PH Denaturation of dsRNA for mRNA Purification

The presence of double‑stranded RNA is a long‑standing bottleneck in mRNA biomanufacturing, triggering innate immune responses that can blunt vaccine potency and therapeutic safety. Traditional downstream strategies—cellulose filtration for dsRNA removal or reverse‑phase chromatography—suffer from low product recovery or reliance on harsh organic solvents, respectively. As the mRNA market accelerates, manufacturers demand a solution that preserves yield, maintains product integrity, and fits within existing purification trains.

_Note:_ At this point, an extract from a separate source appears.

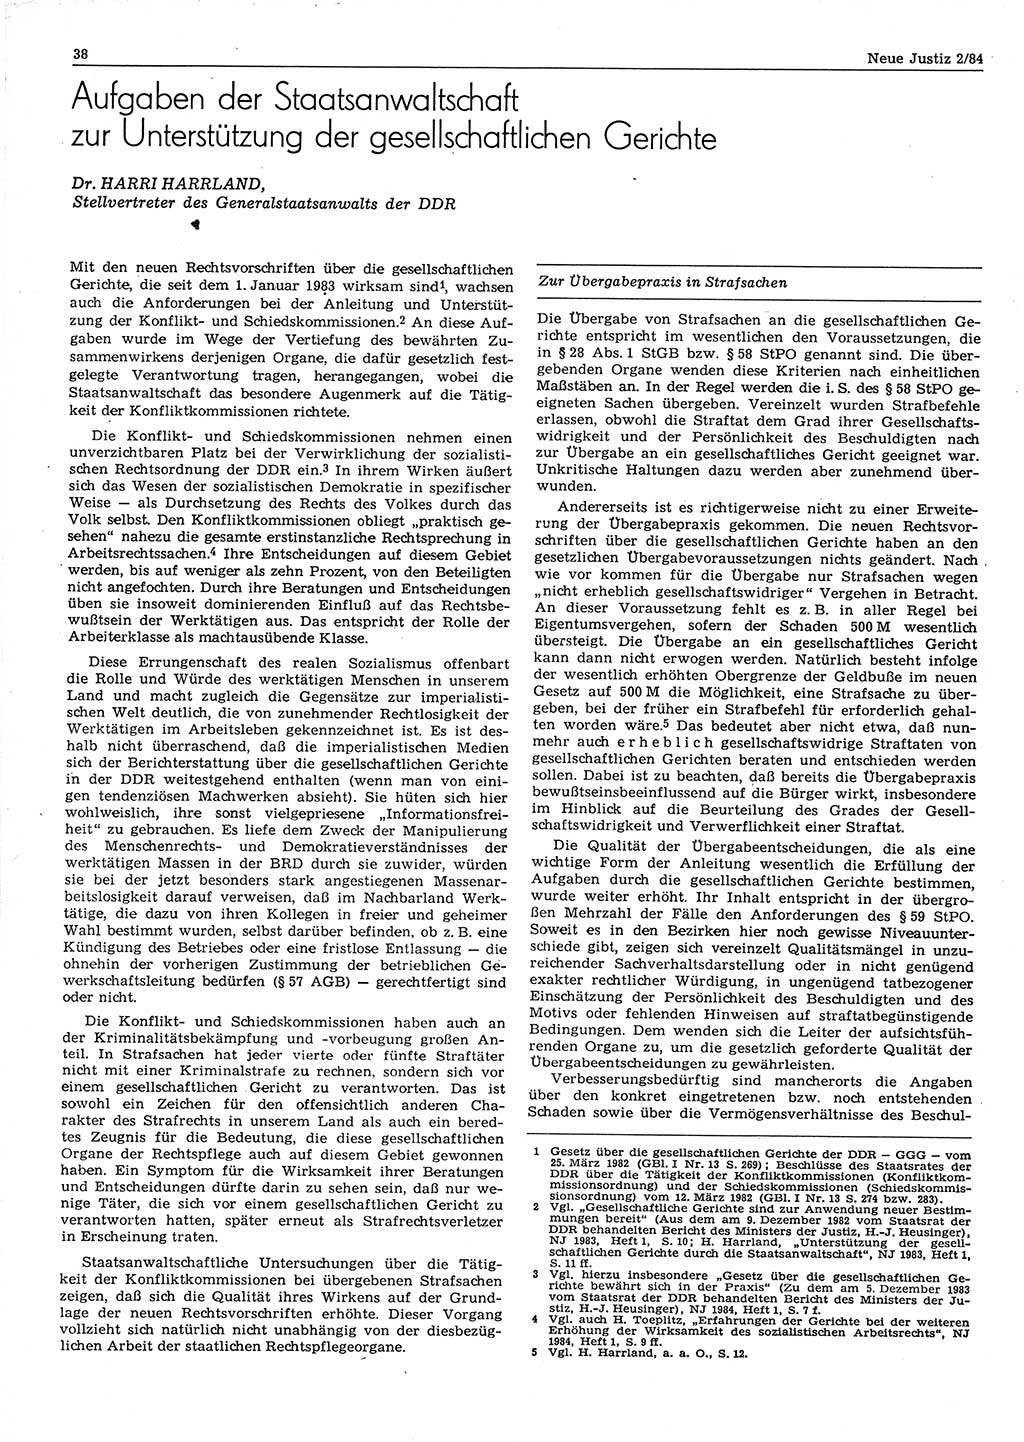 Neue Justiz (NJ), Zeitschrift für sozialistisches Recht und Gesetzlichkeit [Deutsche Demokratische Republik (DDR)], 38. Jahrgang 1984, Seite 38 (NJ DDR 1984, S. 38)

The newly reported low‑pH denaturation protocol exploits the pH‑sensitivity of hydrogen bonds between adenine‑cytosine pairs, causing dsRNA to unravel in under five seconds at pH 3.5 or lower. Empirical data across 1‑10 kb constructs show dsRNA immunoblot signals vanish, while mRNA integrity remains intact, delivering >90% recovery and a >5‑fold increase in functional expression in A549 cells. Crucially, the method dovetails with oligo‑dT affinity chromatography, a clinically validated platform, by performing an inline acidic pre‑treatment that prevents dsRNA re‑formation when salts are later introduced for binding.

From a commercial perspective, the process is inexpensive, scalable, and free of hazardous reagents, aligning with GMP constraints and reducing capital expenditures on specialized chromatography skids. Its reversibility in the presence of kosmotropic salts underscores the need for careful process integration, but also offers flexibility for downstream formulation steps. As mRNA therapeutics move toward gram‑scale clinical batches, this pH‑based dsRNA mitigation could become a standard pre‑purification step, delivering higher yields, lower immunogenicity, and faster time‑to‑market for next‑generation vaccines and gene‑editing therapies.